As for me, I had a great race. I had half-intended to just run it as a regular workout, since I haven't been running very much and it was 70 degrees an hour before the start. But in the excitement of the race, my first mile - at a "comfortable but brisk" perceived exertion and up an gentle incline - clocked in around 9:36. I slowed down a good deal after that, or thought I did, but my second mile came in at 9:46. I was starting to feel the heat by then - I was experiencing "brownouts", where my head would get prickly and I'd start to see spots - so I kept "slowing down" and clocked in a 9:30 mile on the hills above 100th St.
(About these speeds - I know they're not impressive for most runners, but for me, this is fast. Very fast. The last 10k I ran, two years ago, was at an 11:03 pace, and I typically race around a 10:30-10:45. So paces with 9's in front of them seem fast to me. Dangerously fast. It's a good thing I didn't look at my watch after the first mile, because I'd have certainly psyched myself out and backed way off the scary paces.)
By the fourth mile I suffering. This part of the course is a steady, moderate uphill with very few breaks. I'd been walking through every water station to pour ice water on my face and neck - heat really doesn't agree with me - and had stopped feeling dangerously overheated. But despite the breaks, I couldn't stabilize my heart rate or breathing. My legs were getting tired, I hadn't been mentally prepared to race, and my mental game was down. That mile came in at 10:18, my slowest of the race.
The rest of the course was easier. I was able to recover on the fifth mile for a 9:41, which I'm proud of because it's typically hard for me to bring my speed back up after a significant slowdown; this was a real triumph of mental game I started to fall apart on the last 1.2 miles of the race; I was mentally in it, but my legs felt loose and heavy, and I ran a 9:59 sixth mile, probably a very uneven one. I got a little bit of fire back at the end and finished with 0.35 at a 9:26 pace.

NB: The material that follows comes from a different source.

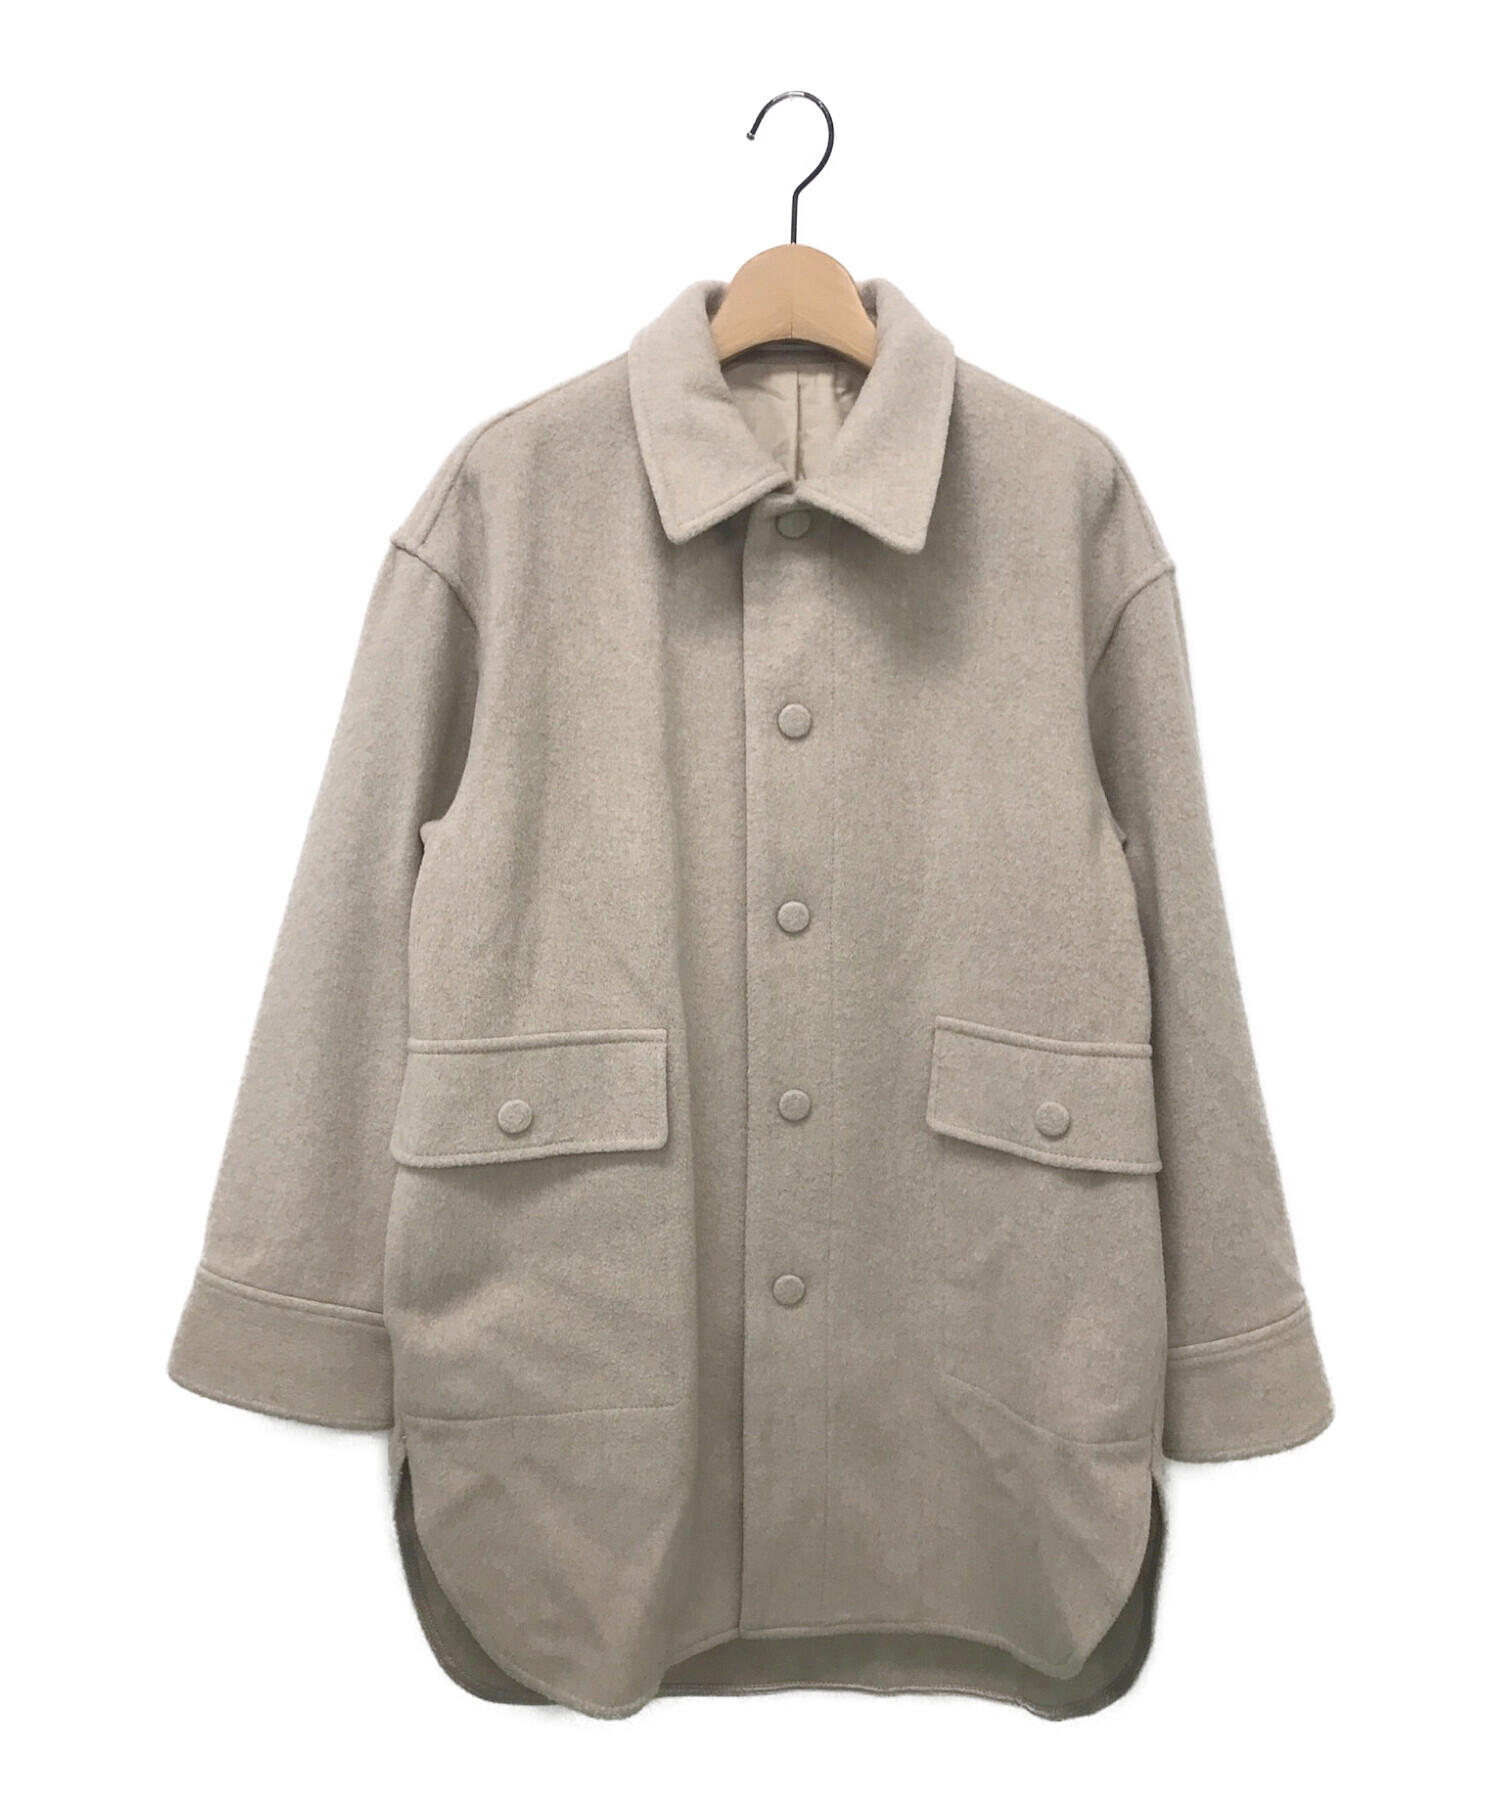 MACPHEE (マカフィー) ウールビーバー オーバーサイズドシャツジャケット ベージュ サイズ:36
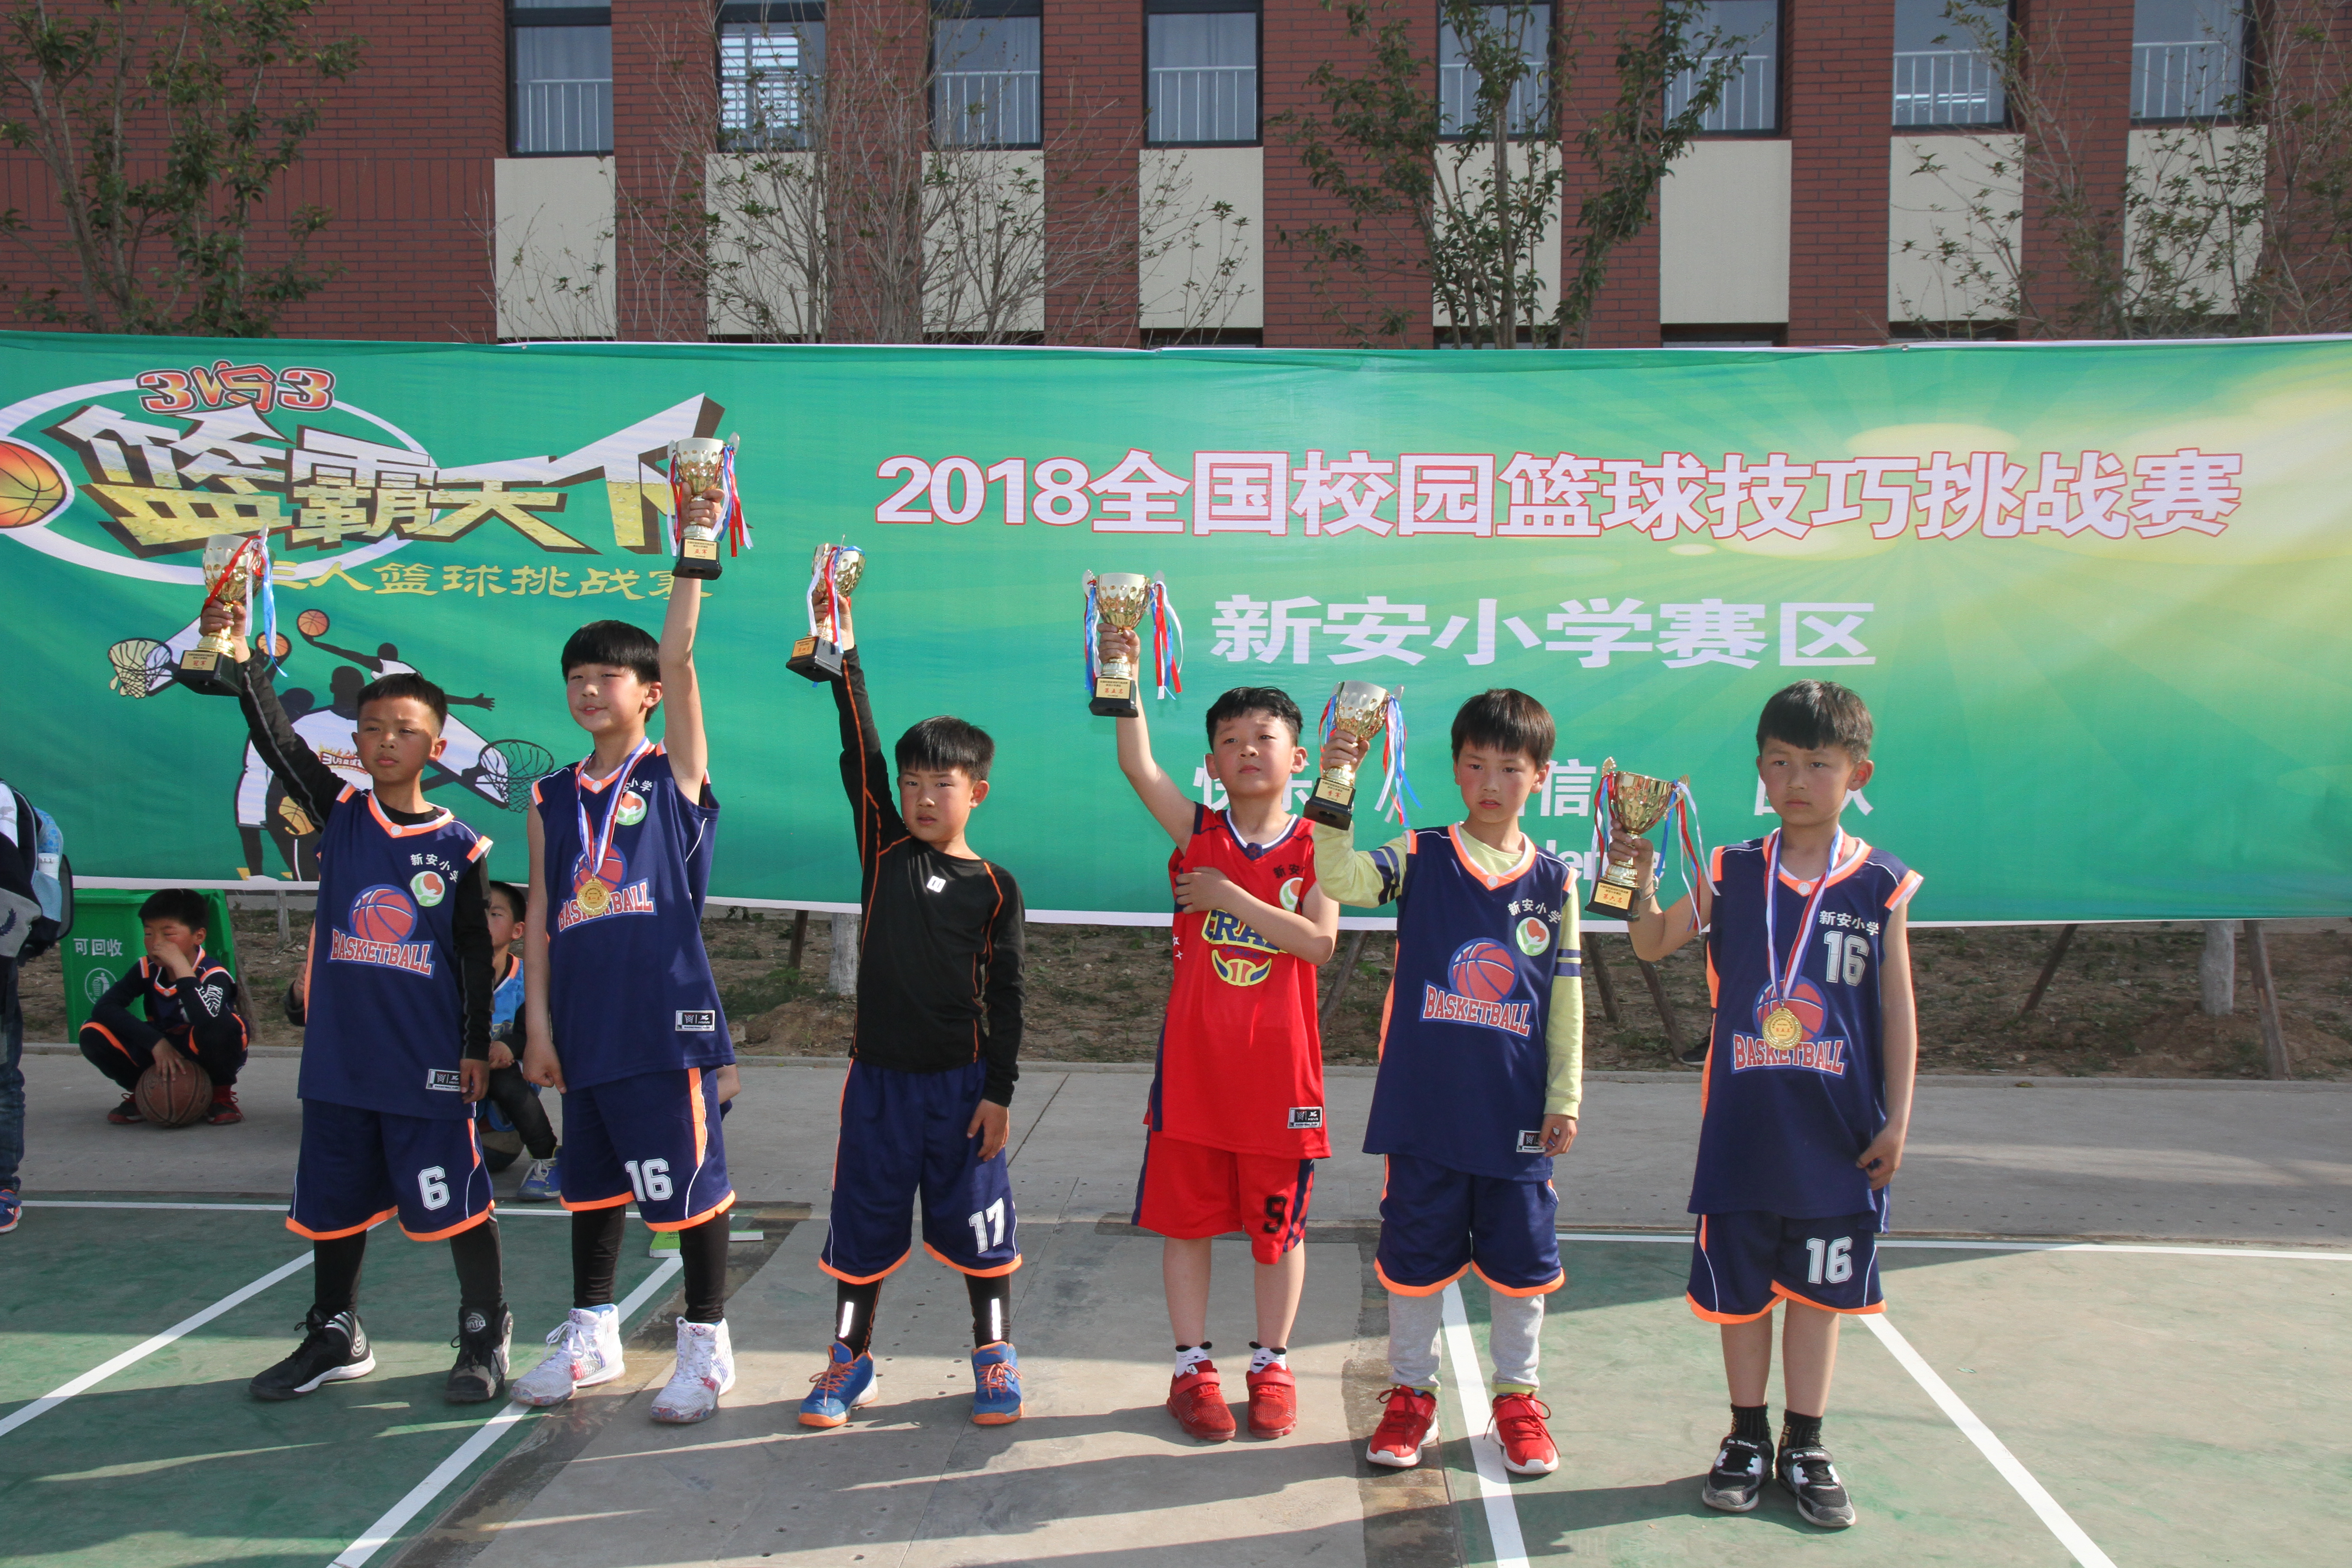 新安小学荣获全国校园篮球技巧挑战赛最佳组织奖

My garmin total was 6.35 miles at a 9:48 average pace; and my official time was 1:01:58 for 6.2 miles with a 9:59 average pace. For me this is... well, kind of incredible. I'd said something, a few weeks ago, about how it would be cool to run a 10k in under an hour, but I thought it would take a long time - multiple seasons - to get in that kind of shape. But based on this race, it would really just take a cooler day, a flatter course, and proper mental preparation.